Шли мимо американцы – туристы из Америки, переводчица-гид с гордостью сказала им, что человека, называющего себя Христом, еще пару лет назад схватили бы и отправили в КГБ, а теперь он свободен и, может, называет себя так лишь ради эксперимента, испытывая степени свободы и самовыражения. А в Америке есть такое? О, йес! – отвечали американцы, нет в мире такого, чего не было бы в Америке. И как правило, в еще большем количестве!

Шел мимо беллетрист Алексей Слаповский, шныряя умом и взглядом в поисках сюжетов и нелепостей. Остановился, не подходя близко. Посмотрел, по слушал. И, вдохновившись, побежал домой – сочинять роман под названием «Первое второе пришествие». Это будет роман о человеке, вообразившем себя Христом. Занятная штукенция может получиться. Или такое название: «Конец света откладывается!» Второе эффектней, первое загадочней. Какое выбрать?..

Дело шло к вечеру.

Апостолы не роптали, но уже переглядывались.

Первым не выдержал Диомид. Ему надоело прятать лицо в воротник и отворачиваться, потому что он видел сегодня не менее десятка знакомых, знающих его как Алексея Гулькина, нормального человека.

– Ну, ладно, – сказал он. – Приятно было познакомиться.

Потоптался.

– Я пошел, говорю. Могу я уйти? У меня тут…

– Иди, – молча сказал Петр.

– Иуда, – сказал Сергий.

Вернувшись в ППО, апостолы с устатку набросились на щи, которых предусмотрительная Лидия наварила огромную кастрюлю, а Петра она повела к себе для любви.

Но Петр не мог любви.

Он думал о причинах провала.

Он искал их в себе.

Не с той верой говорил?

С той – и другой не может быть.

Не те слова?

Те.

Не так?

Вроде так…

Значит, как ни крутись, без чуда не обойтись. Что бы придумать такое?

Он ворочался полночи – и придумал.

На другой день все началось так же: громкие Радостные слова Петра, вялая горстка слушателей.

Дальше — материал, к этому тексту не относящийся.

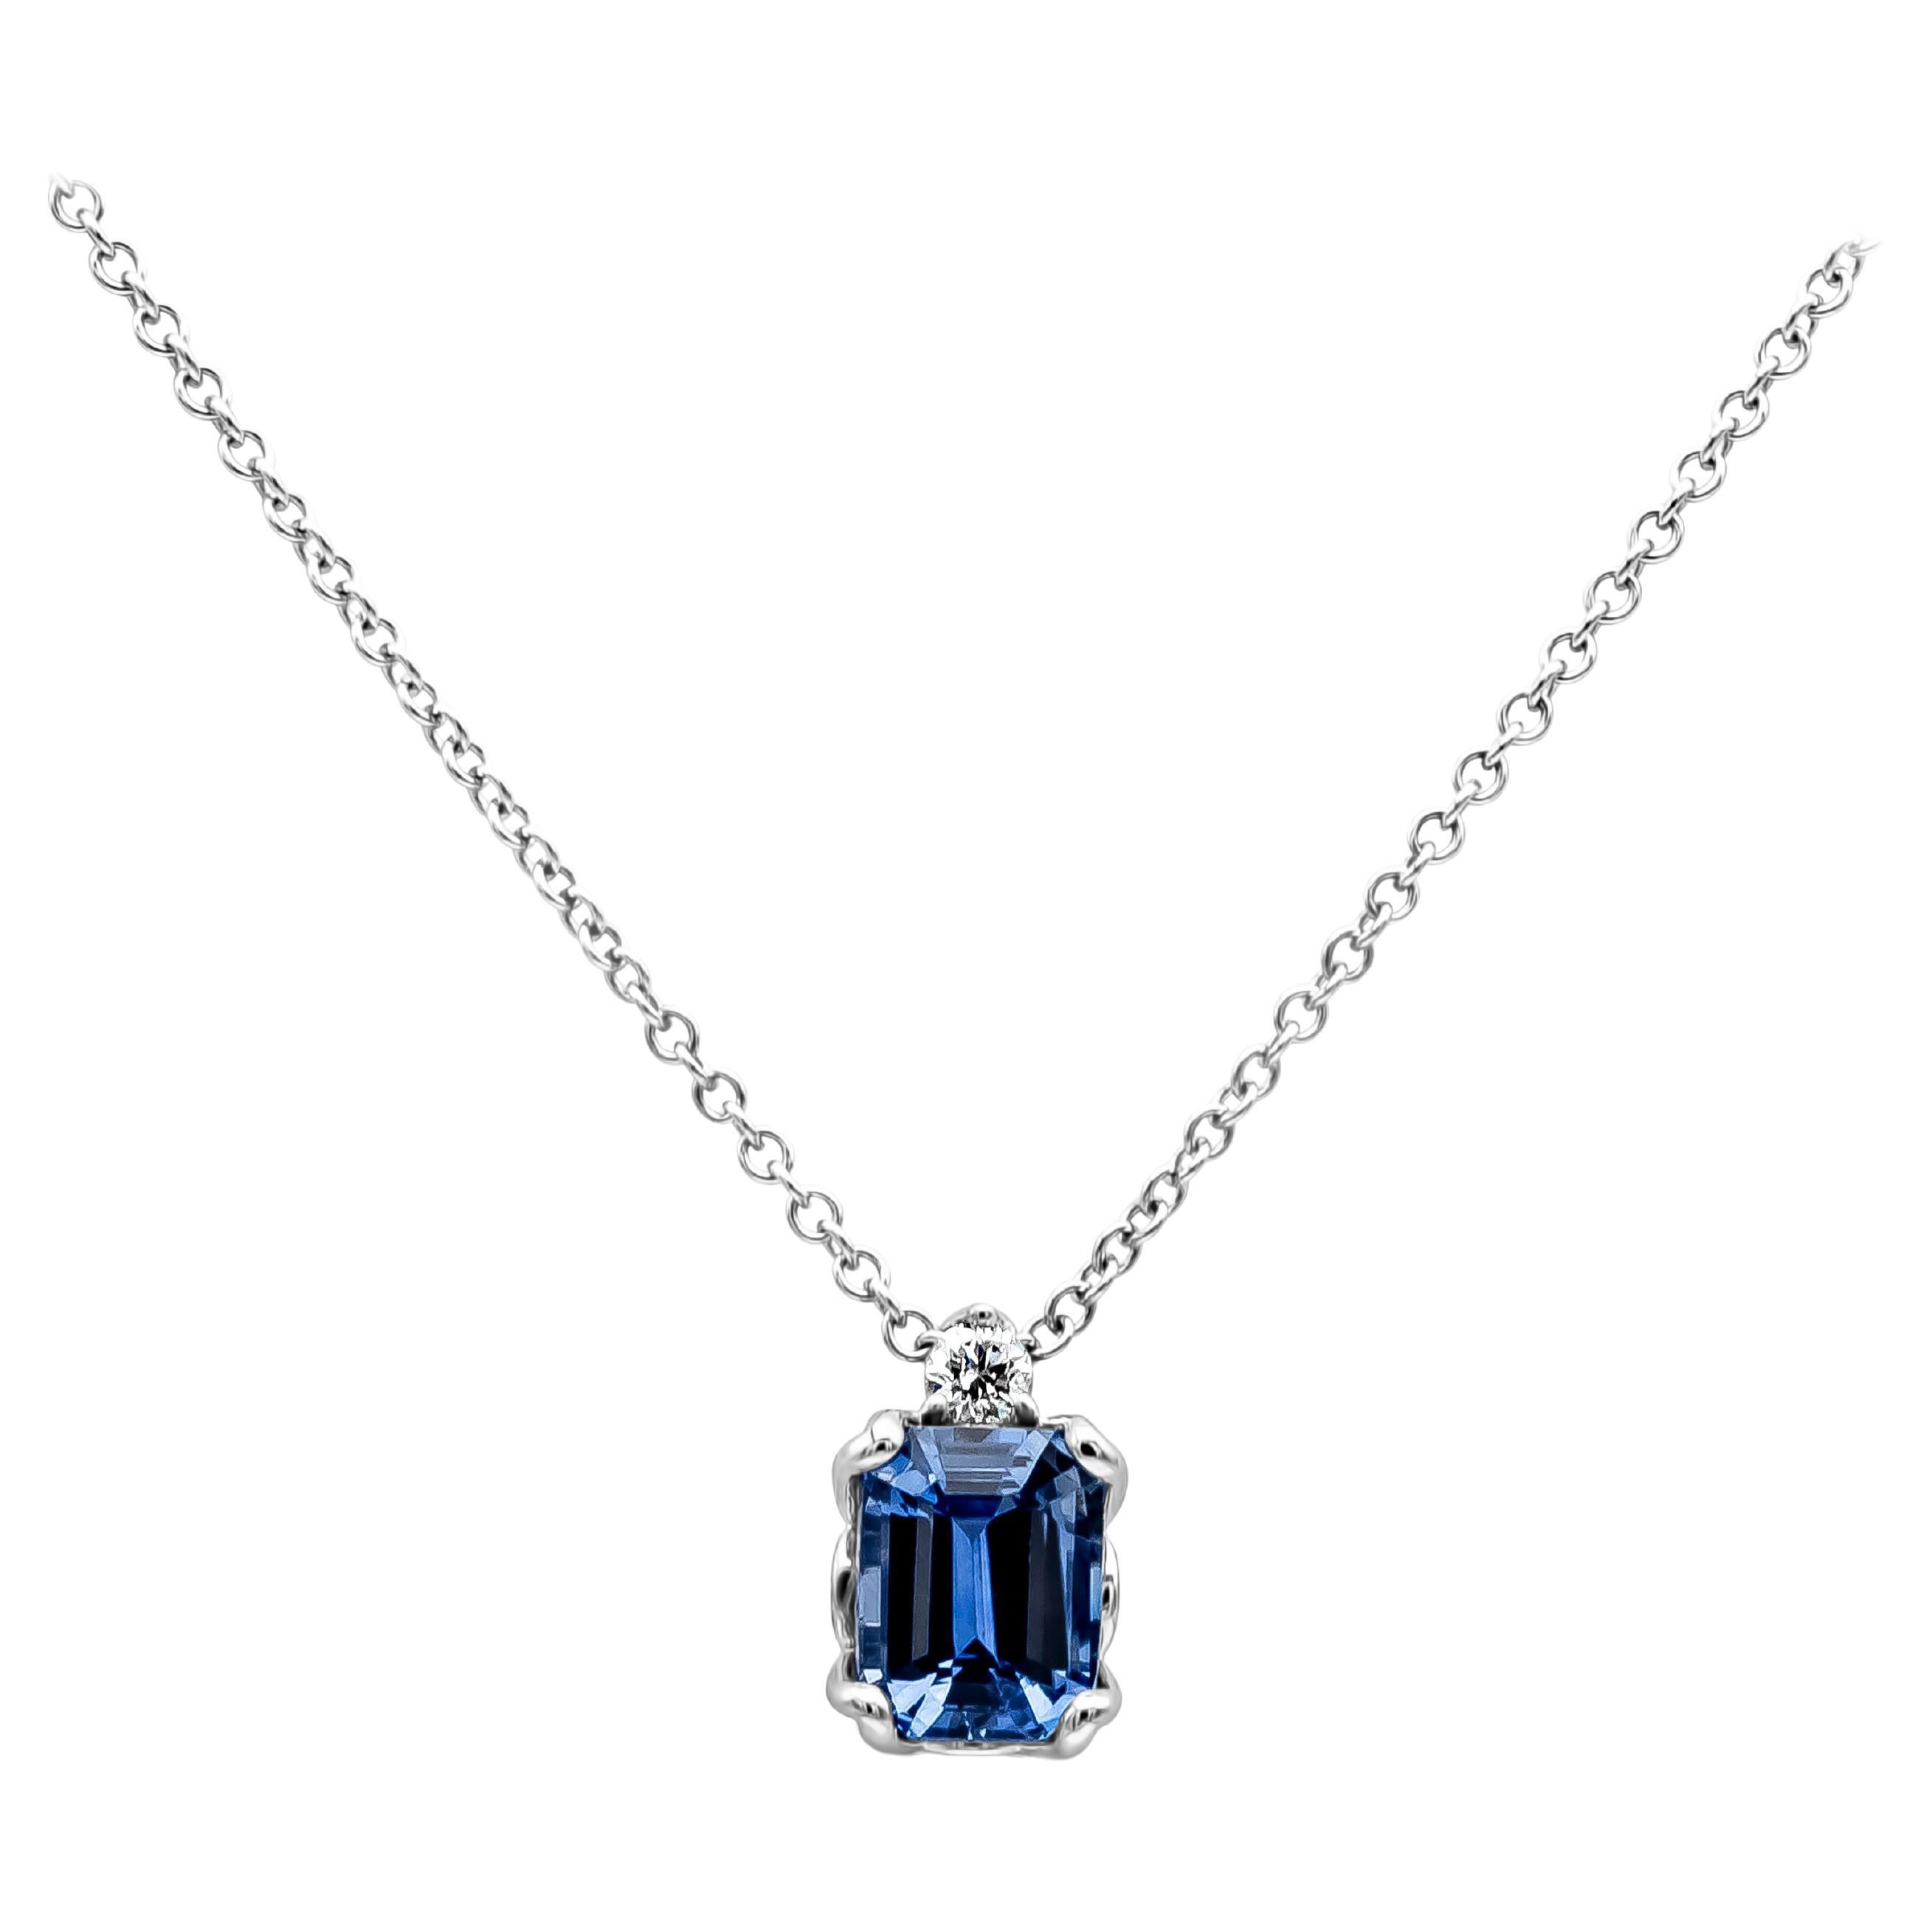 Roman Malakov GIA Certified 2.77 Carat Emerald Cut Sapphire Pendant Necklace

– Вы не верите? – спросил Петр.

Не ответили.

– Они не верят, бляха-муха! – возмутился Анатолий. (Вчера от огорчения за Петра все апостолы как один вдрызг напились с помощью спирта, добытого у жителей Грабиловки, ворующих его помаленьку из цистерны, вот уже три месяца стоящей в тупике.)

– Даруется вам знамение! – сказал Петр. – Через час рухнет этот идол, созданный вами, и в тот же миг все, кто тут, станут здоровы! Скажите это всем, зовите всех!

Час времени он дал специально, чтобы собралось побольше народу.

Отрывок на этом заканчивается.